The whole point of free speech is not to make ideas exempt from criticism but to expose them to it.

Wednesday, April 15, 2009

Rapid City Tea Party

In spite of a chill in the air, a crowd of between 600 and 1000 angry, placard-toting, tax-paying citizens converged on Memorial Park in Rapid City to send a message to Congress: Get smart or get fired.

It is a safe bet that many of those in attendance were participating in their first demonstration. The assemblage was peaceful and the message was for the most part one of frustration with a congress that seems hell-bent on spending the country into second-class status.

Demonstrators first lined up along Omaha Street and waved their placards to honking traffic passing by.

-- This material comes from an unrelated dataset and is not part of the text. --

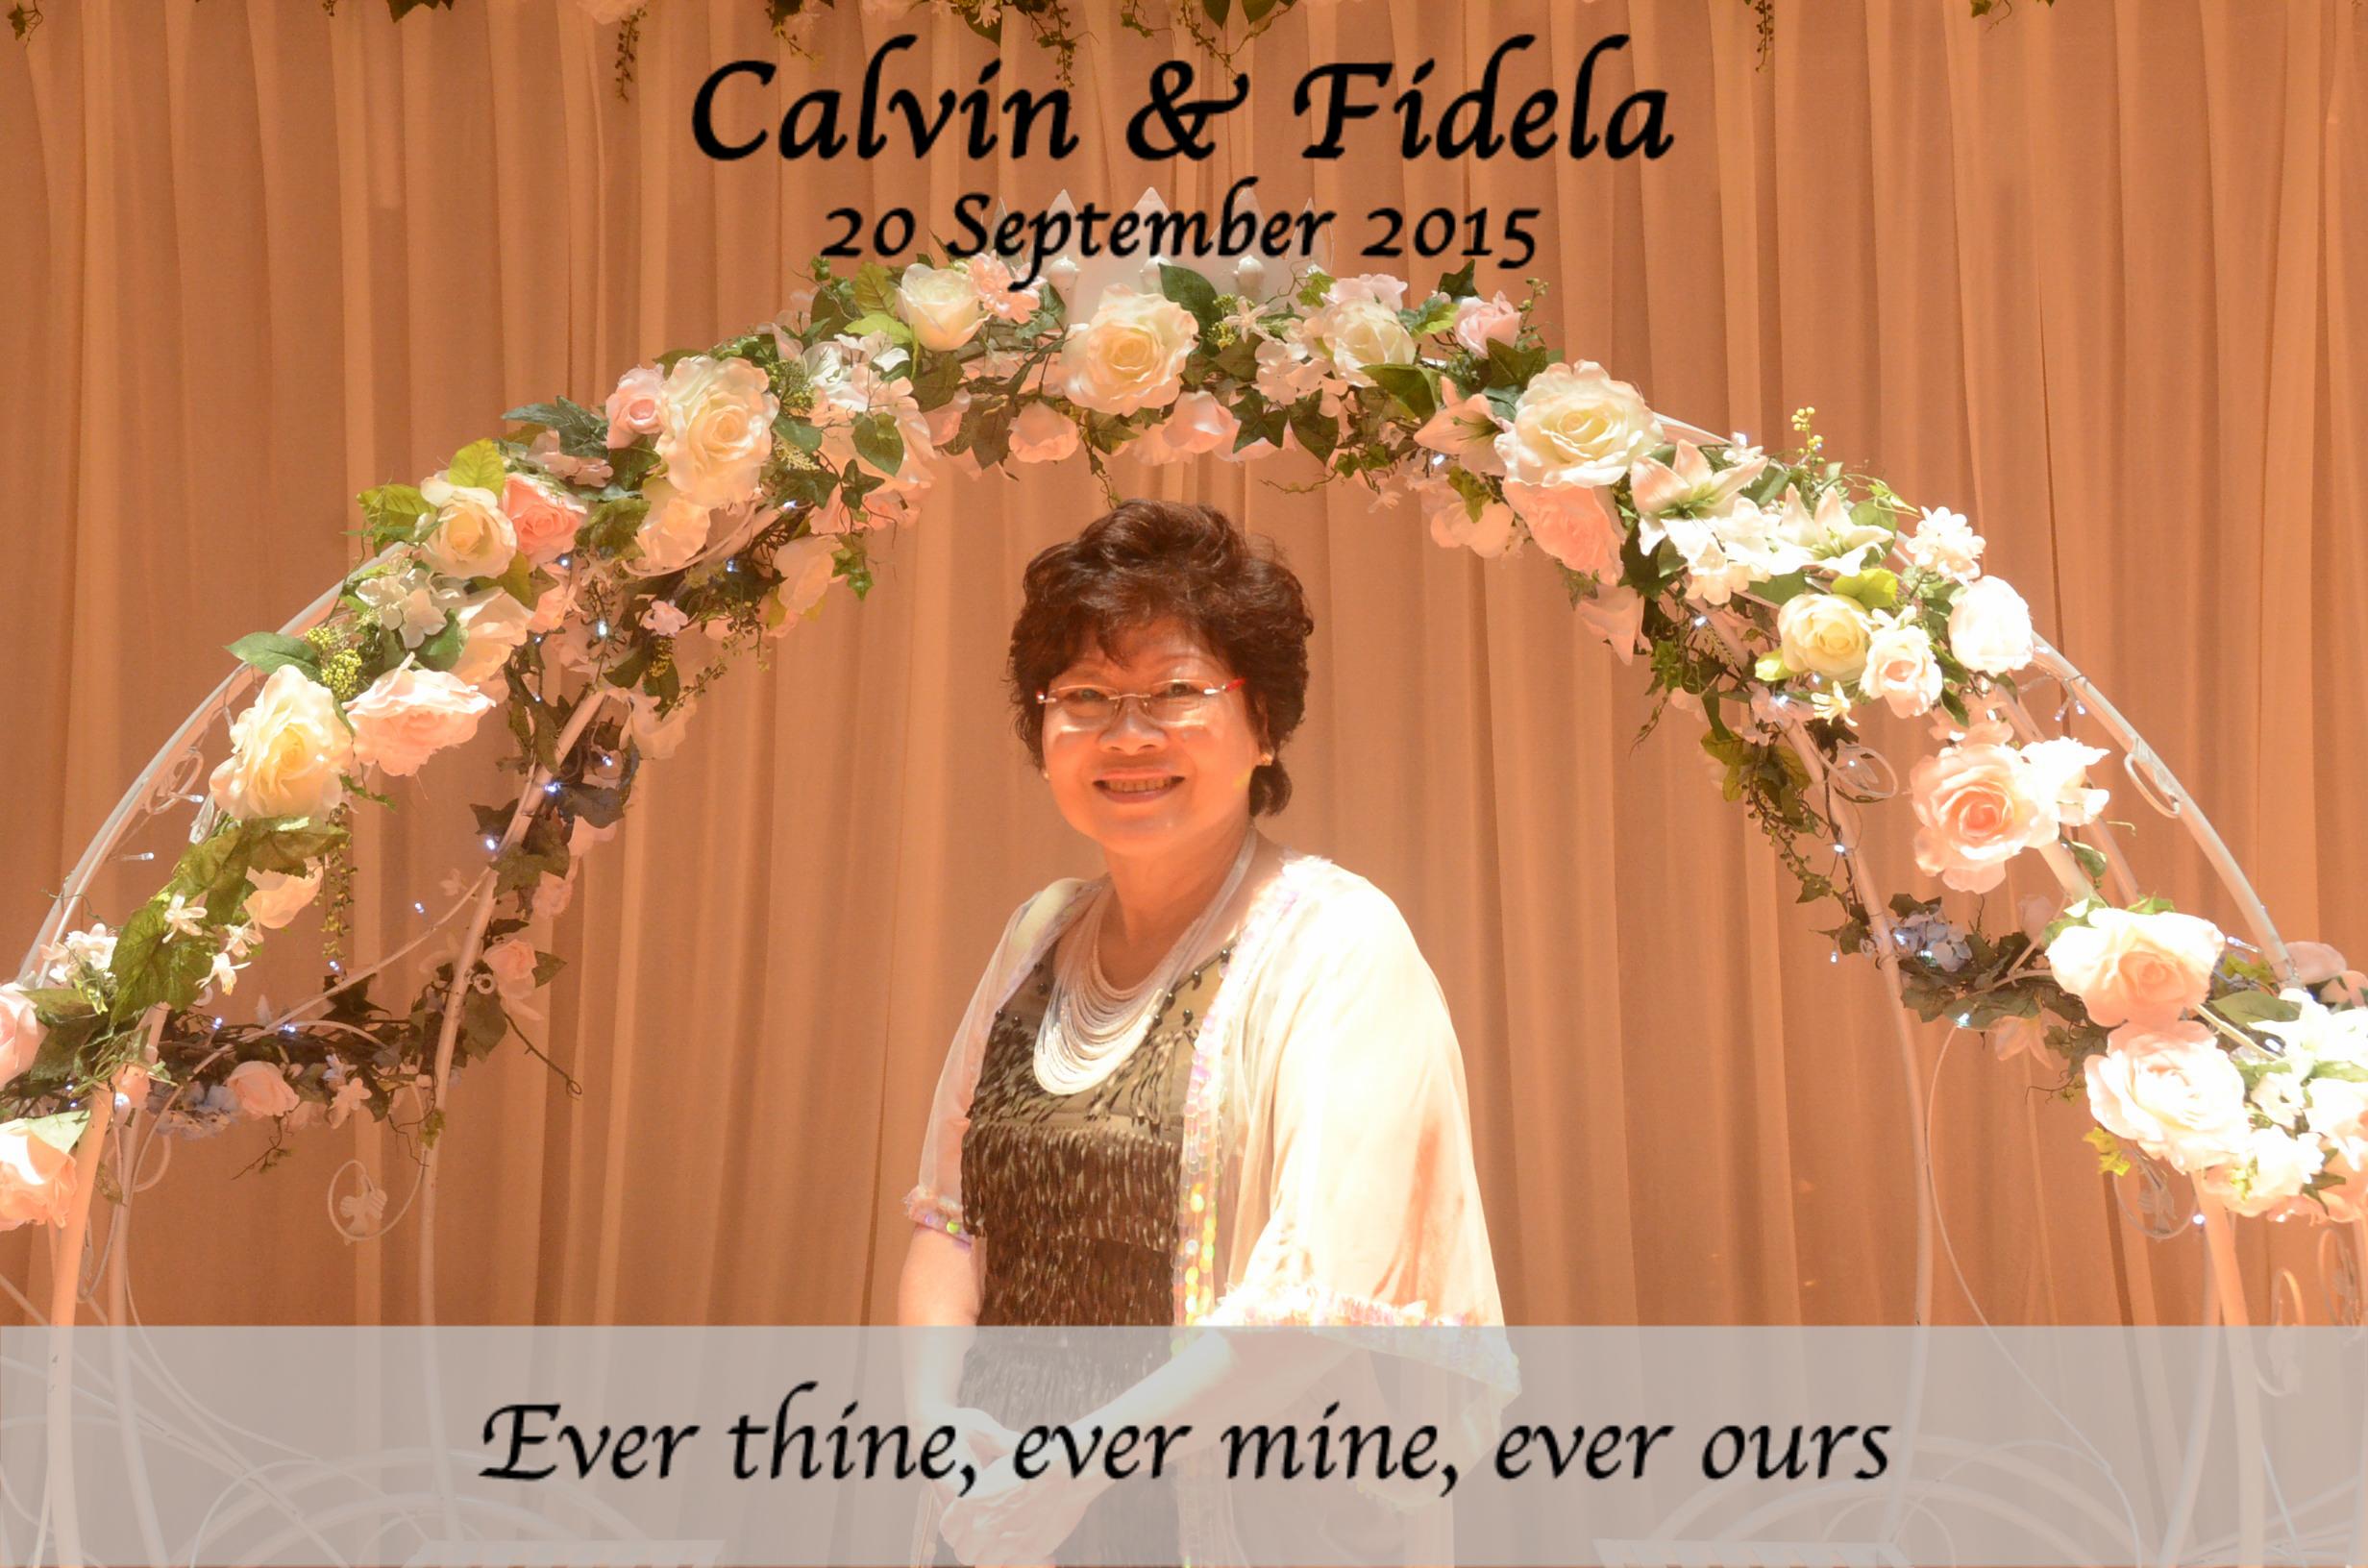 Calvin & Fidela-19.jpg

The question, of course, is: Will the messages they carried on their hand-made signs get through to their intended audience, or was the exercise one of preaching to the choir?

I suspect our congressional contingent is aware of the proceedings. People from Sen. John Thune's office were there. I didn't see anyone who was obviously from Sen. Tim Johnson or Rep. Stephanie Herseth Sandlin's office.

Shortly before noon the demonstrators made their way to the pavillion where state Sen. Gordon Howie introduced speakers who were there to add redundancy to the placards. The most compelling of the speakers was Ira Taken Alive. I recorded his address and am trying to find a way to upload that here.